Undeniably, as the Home Office said in a statement, this was the uncovering of “of large-scale, organised fraud”. However, significant doubts over the legitimacy of many the claims have recently arisen.

Lewis claimed tribunal hearings have now found between five and 10 percent of the students involved were innocent and laid victim to other students’ fraud.

Can students appeal?

The students were forced to leave the UK immediately, however they were told they would be able to appeal when they were back in their home country. But, Lewis reported, no such mechanism for appeal exists in the majority of countries involved, including China, India and Bangladesh, so students were left with nothing.

Timms is among the MPs urging the Home Sectary to review the scandal to bring justice to the students who had nothing to do with it yet lost their money, their degree and their pride.

It is “completely scandalous”, he said.

He added: “They say their lives have been ruined by this. Their families invested quite often their life savings to provide a decent British education at a good university for their child.

“They’ve paid the money, they’ve lost their visa halfway through a course and they’re absolutely stuck. A lot of them feel they can’t go back to India or Bangladesh because of the shame attached to this.
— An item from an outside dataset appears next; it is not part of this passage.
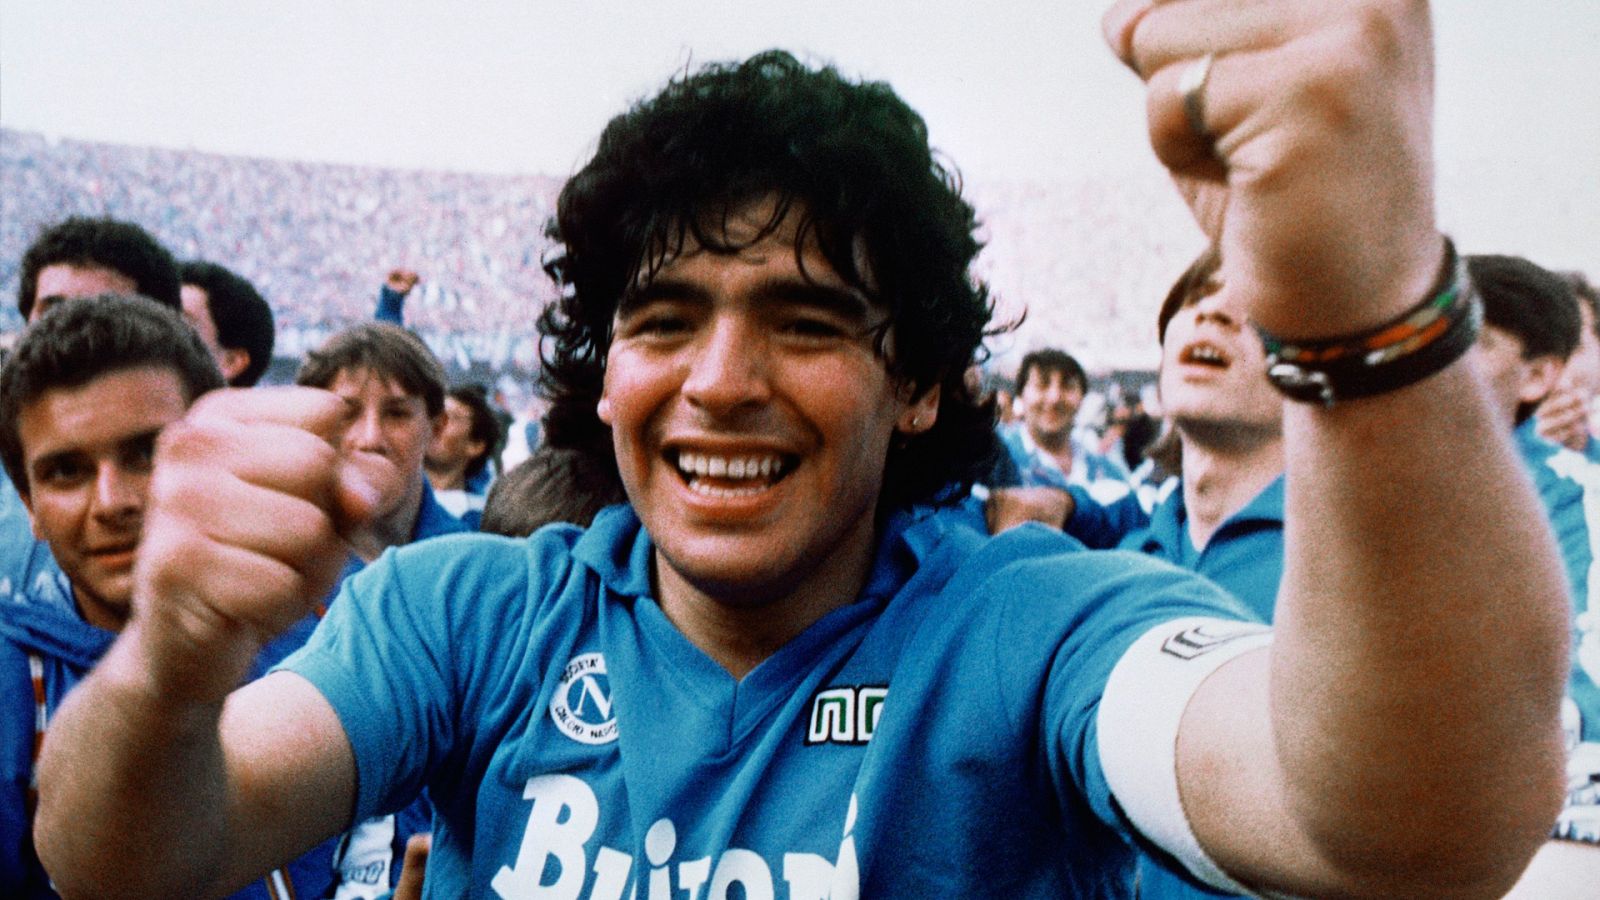 Somos documentales - Diego Maradona - Ver ahora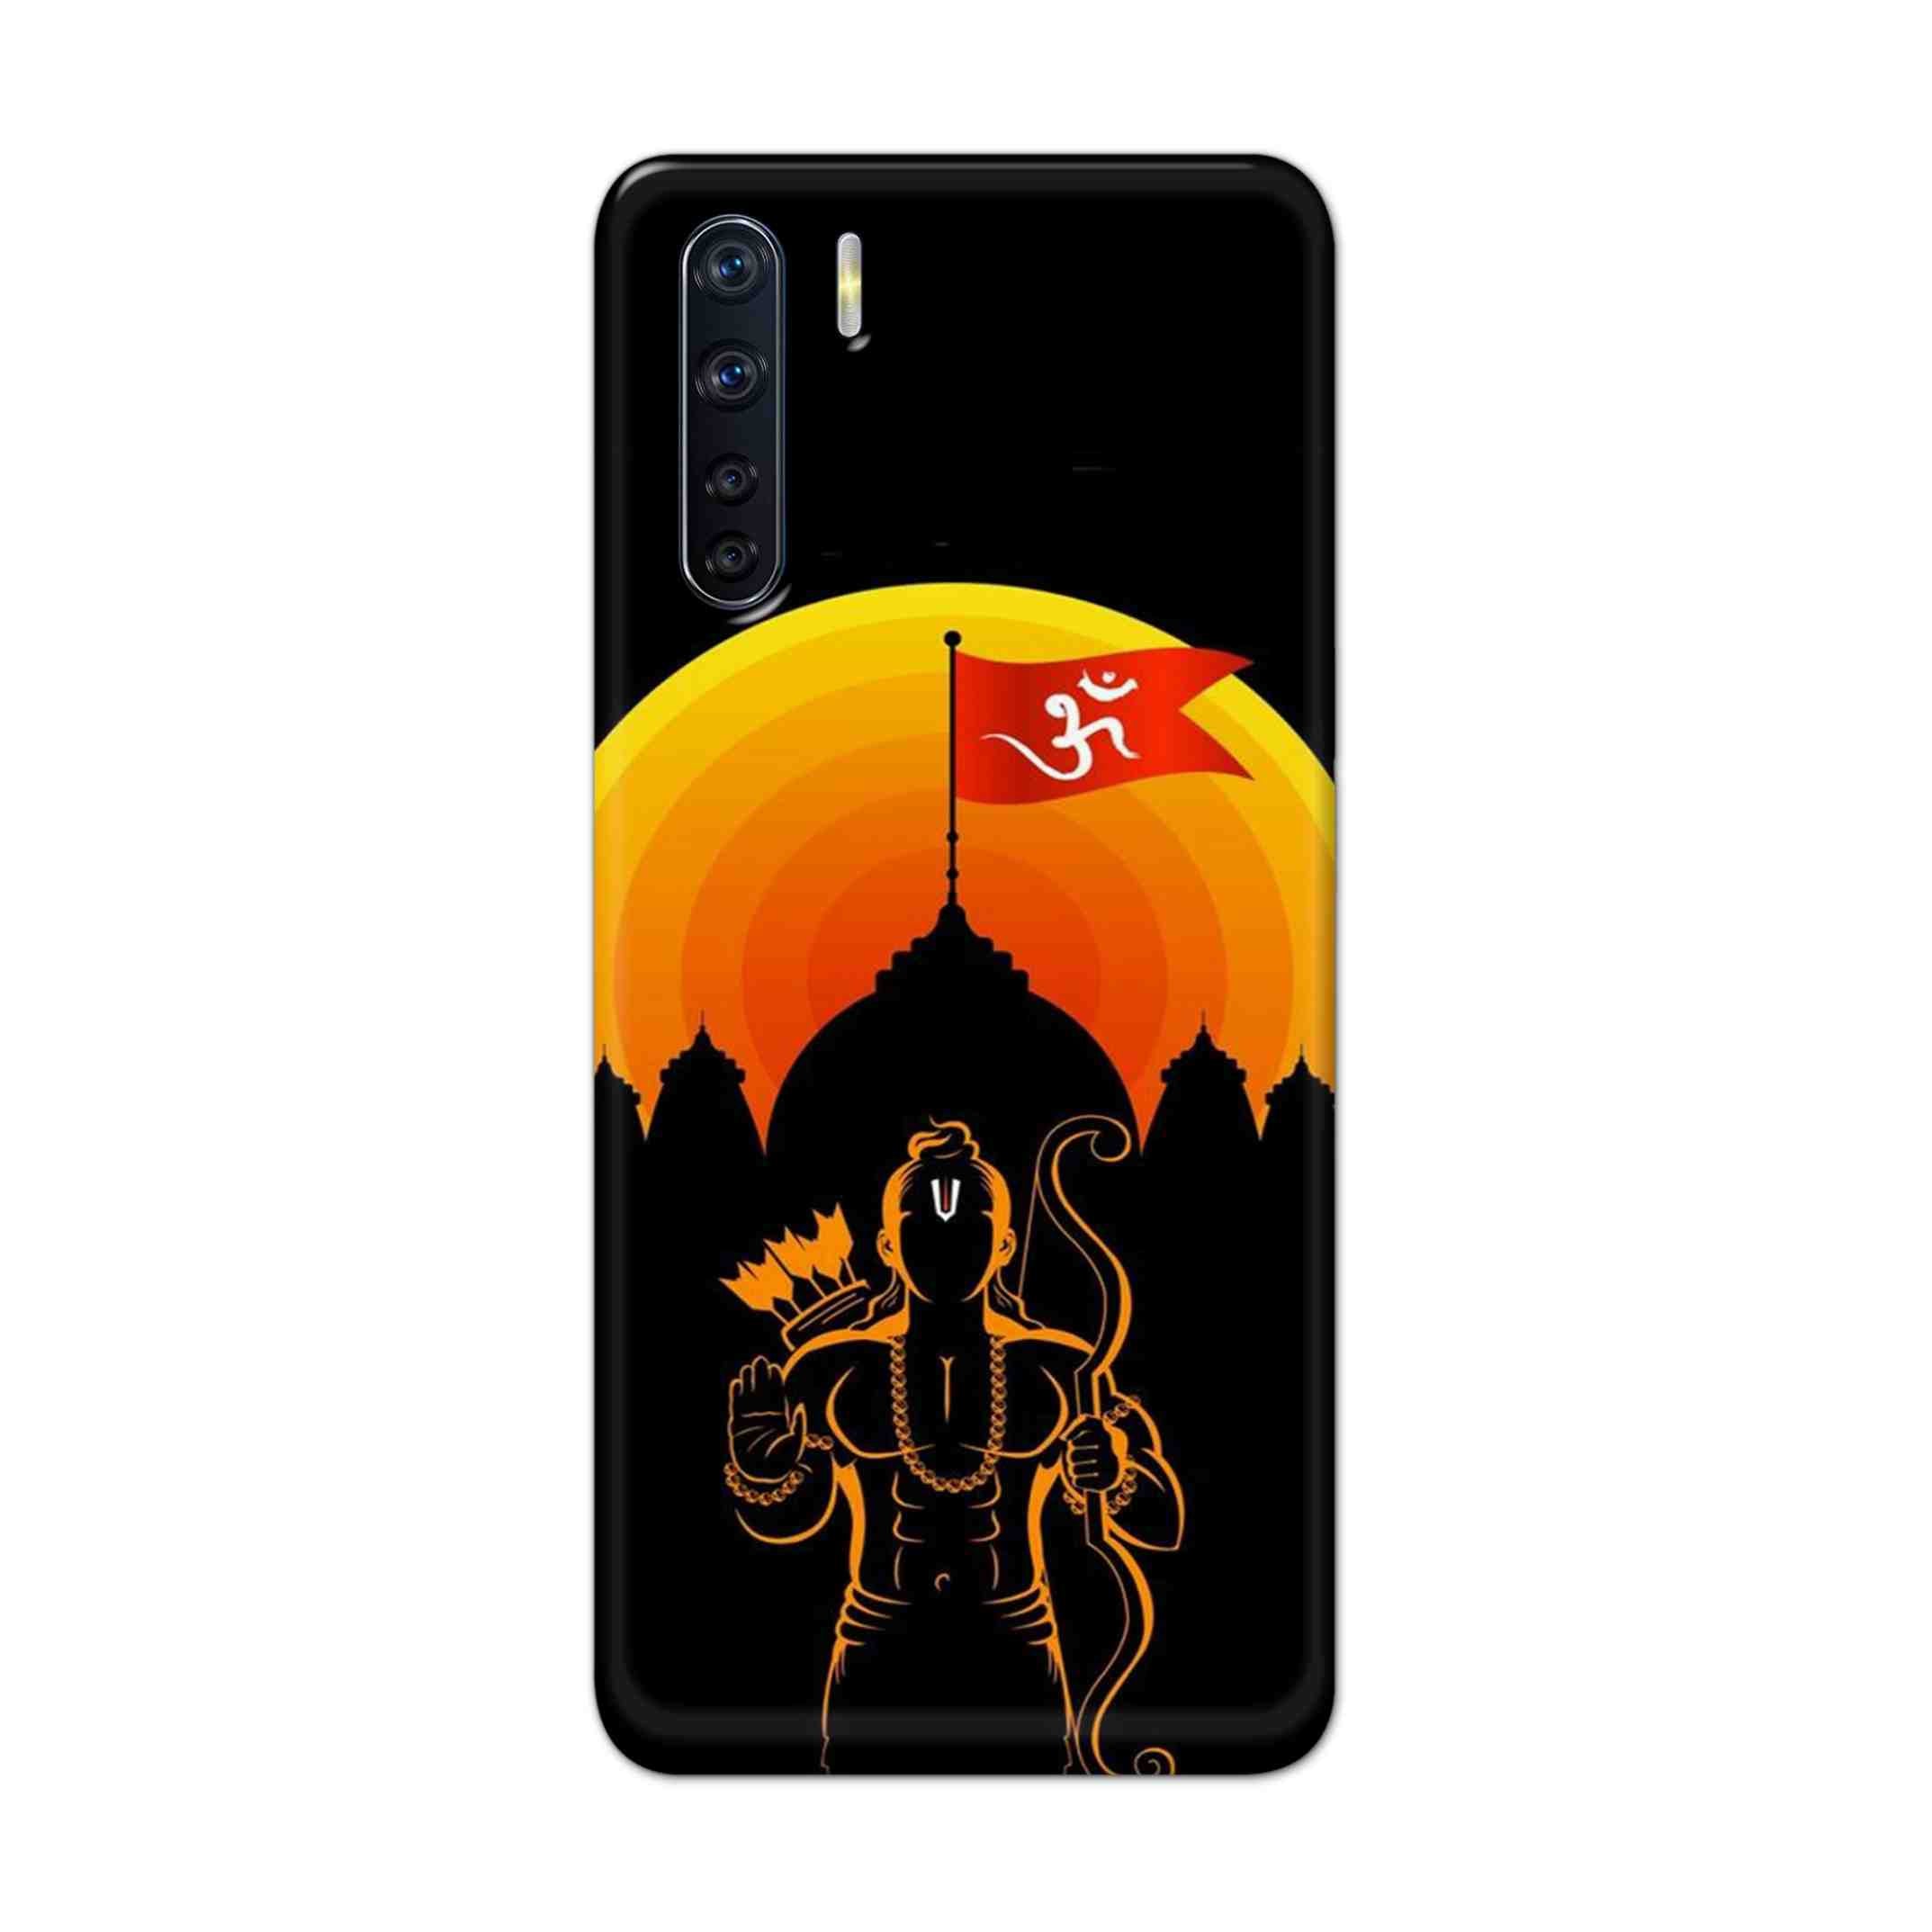 Buy Ram Ji Hard Back Mobile Phone Case Cover For OPPO F15 Online

They’ve been accused of cheating by the British government.”

The Home Office statement, however, defended its actions by claiming “the government took immediate robust action on this” adding that it was “measured and proportionate”.

A spokesperson for Universities UK claimed the majority of cases involved students enrolled in private colleges, defending the decision stating: “Home Office research shows that levels of visa abuse involving university students is very low and universities take their compliance responsibilities seriously.

“Action should be taken only against individual students or institutions if there is clear and compelling evidence of abuse of the student visa system.”

The Home Office claimed, to date, 21 people have received criminal convictions for their part in the fraud.